RATP, the operator of the Paris metro network, set itself the goal of ensuring 97% service availability.
The network is managed by a supervision system. This system manages traffic from thousands of data points coming from infrastructure equipment on the lines (signals, switchers, station doors, etc.).

RATP turned to CEA-List for help reaching its operational excellence targets. Together, the two partners created a predictive maintenance system implemented across the infrastructure as well as in the supervision system itself, which tended to freeze when alert volumes were particularly heavy.

The system was developed by adapting CEA-List data analysis and ML technologies to the RATP use case. It processes a large variety of field data as well as technical data from logs created by the monitoring system. In order to avoid stoppages, it assesses the current status of the supervision system and predicts how the status will evolve over time.

The system was tested on three years of data.

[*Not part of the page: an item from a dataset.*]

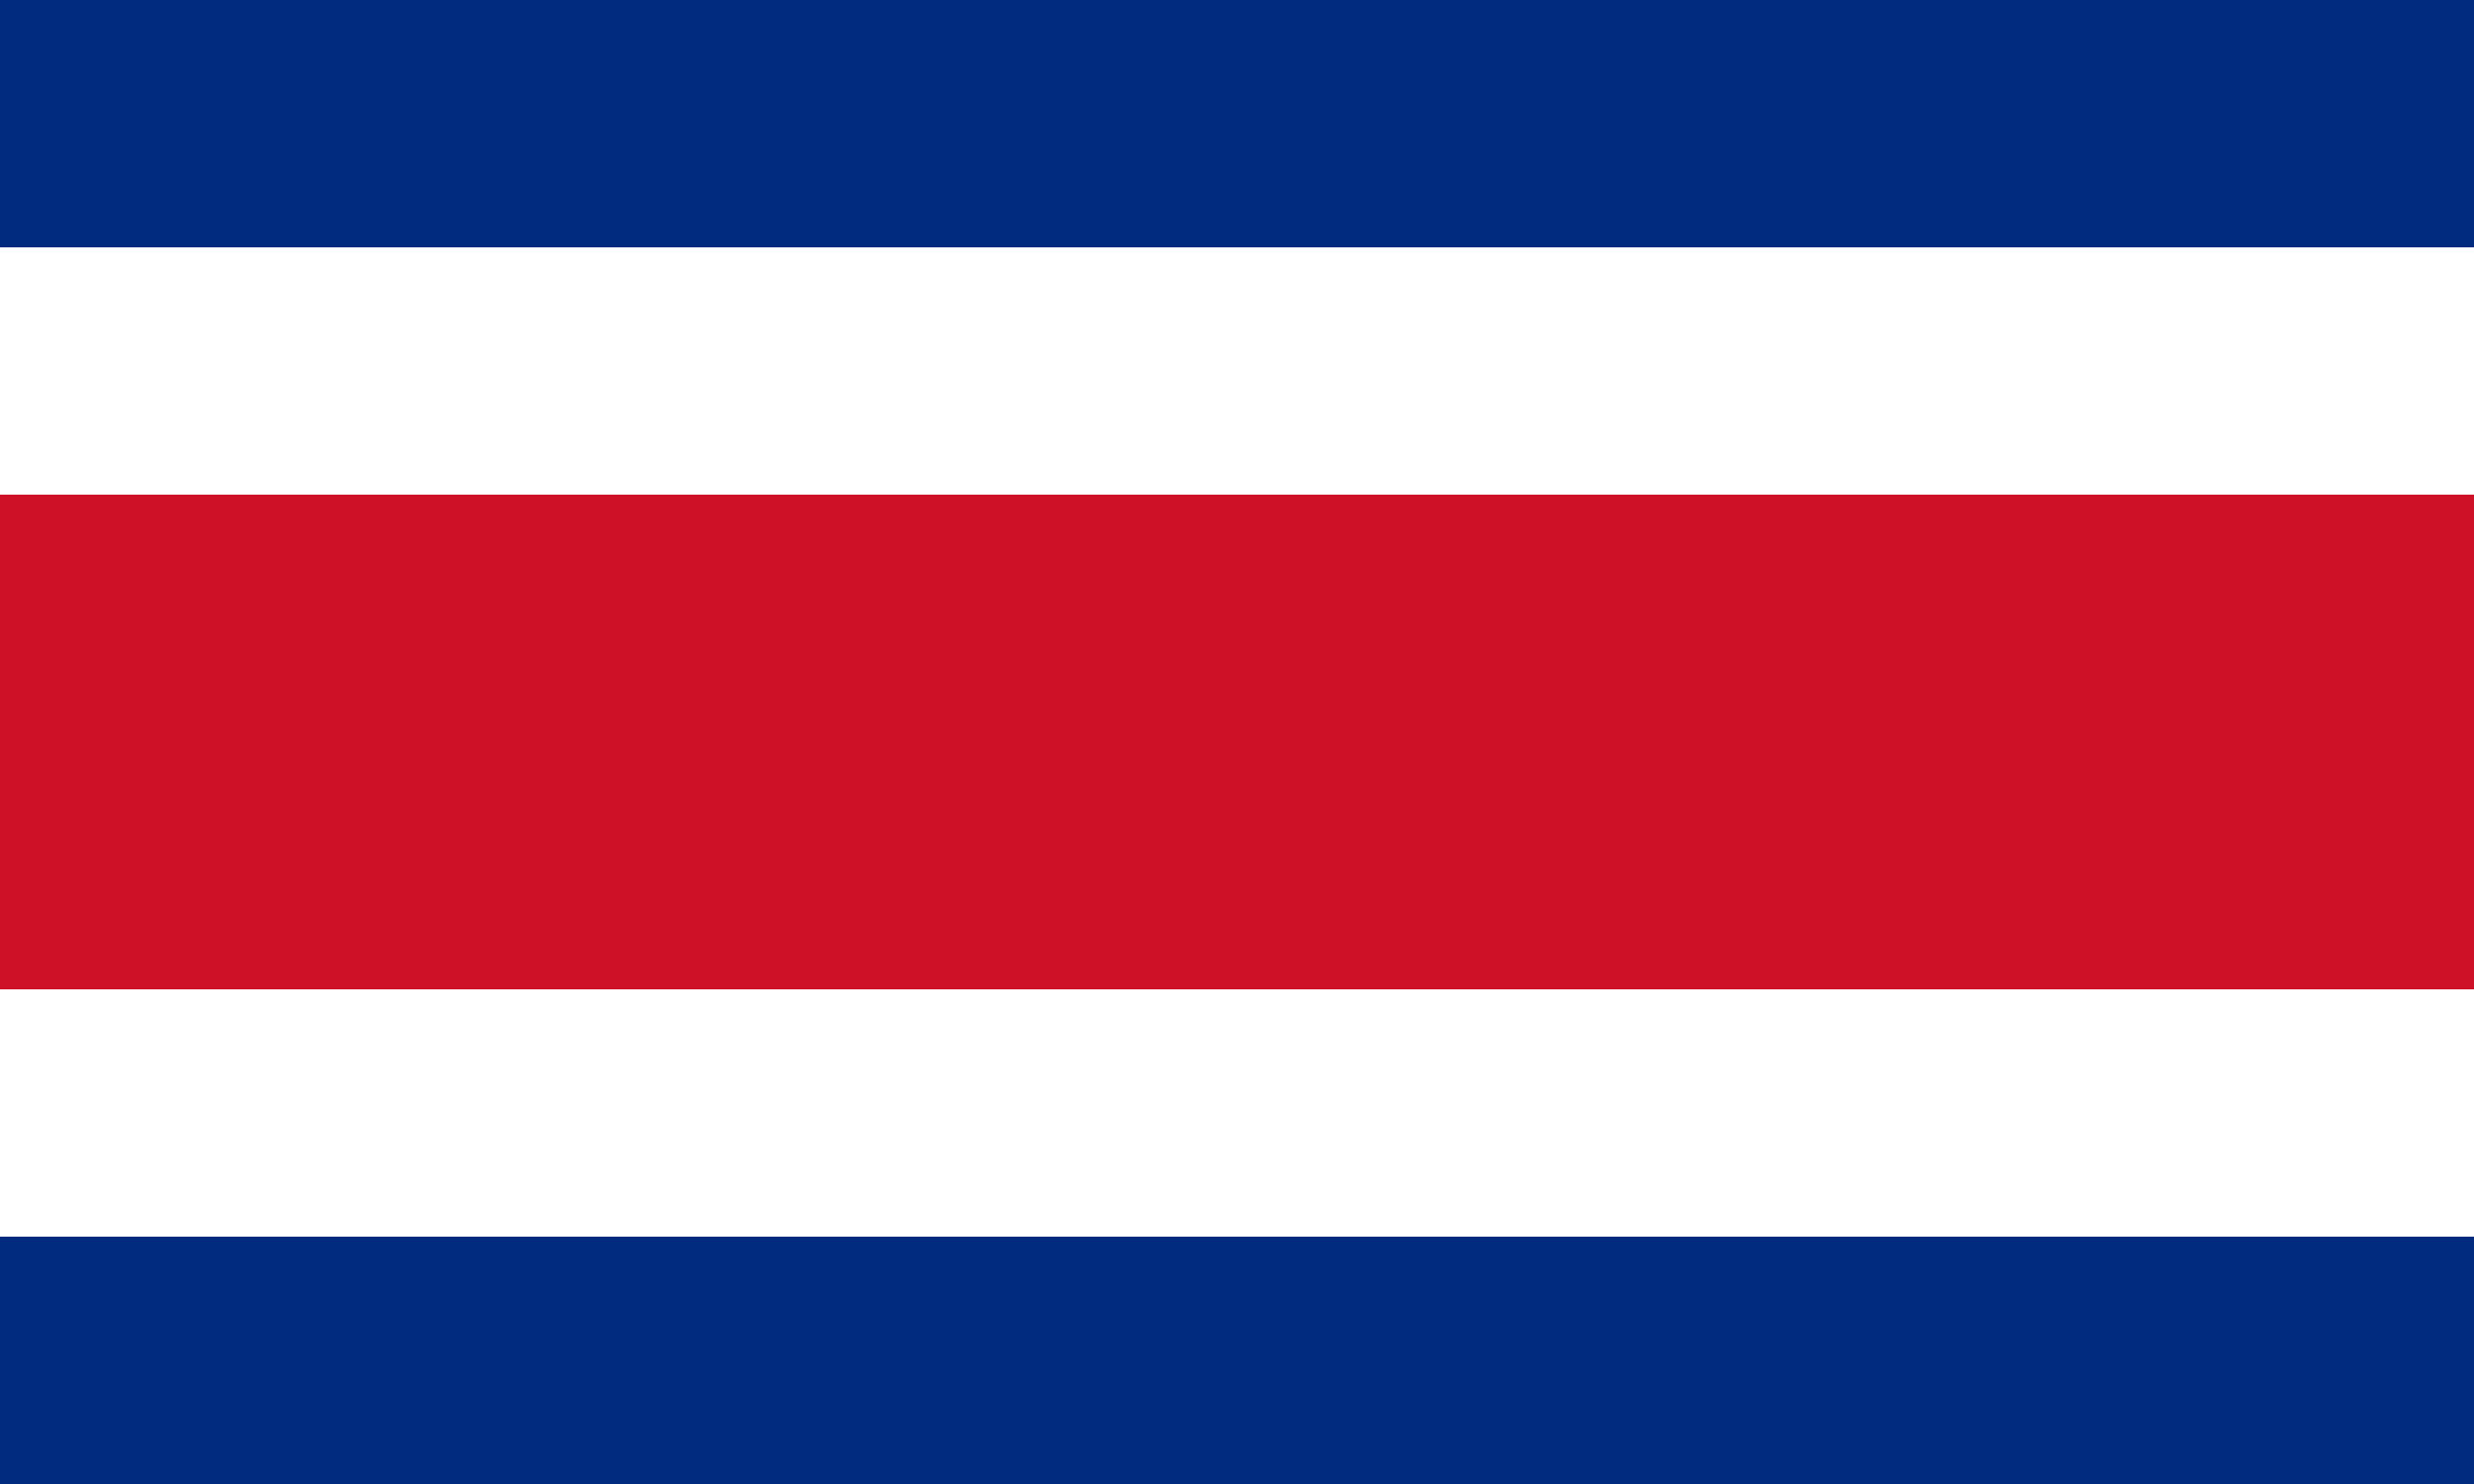 the image shows the costa rican flag

It detected 90% of labelled stoppages with a few hours’ advance notice. At the same time, the thousands of false alarms triggered exponentially by fixed thresholds (native to the supervision system) were reduced to a few instances per week. This simplified the use of the tool by employees working in the field.

Veolia models its expert knowledge

To optimize the operation of its wastewater treatment facilities, Veolia decided to automate process monitoring. CEA-List’s ExpressIF® was used to model Veolia experts’ knowledge to enable the monitoring system to:

  • Ensure correct operation of the facility.
  • Diagnose detected problems.
  • Recommend solutions.

The demonstrator that was developed for Veolia is available as a SaaS or on-premise solution, delivering the advanced decision making and uncertainty measurement capabilities of ExpressIF®. The system offers advanced interactive features for domain experts—if missing information compromises the decision-making process, the tool can request human intervention to resolve the issue.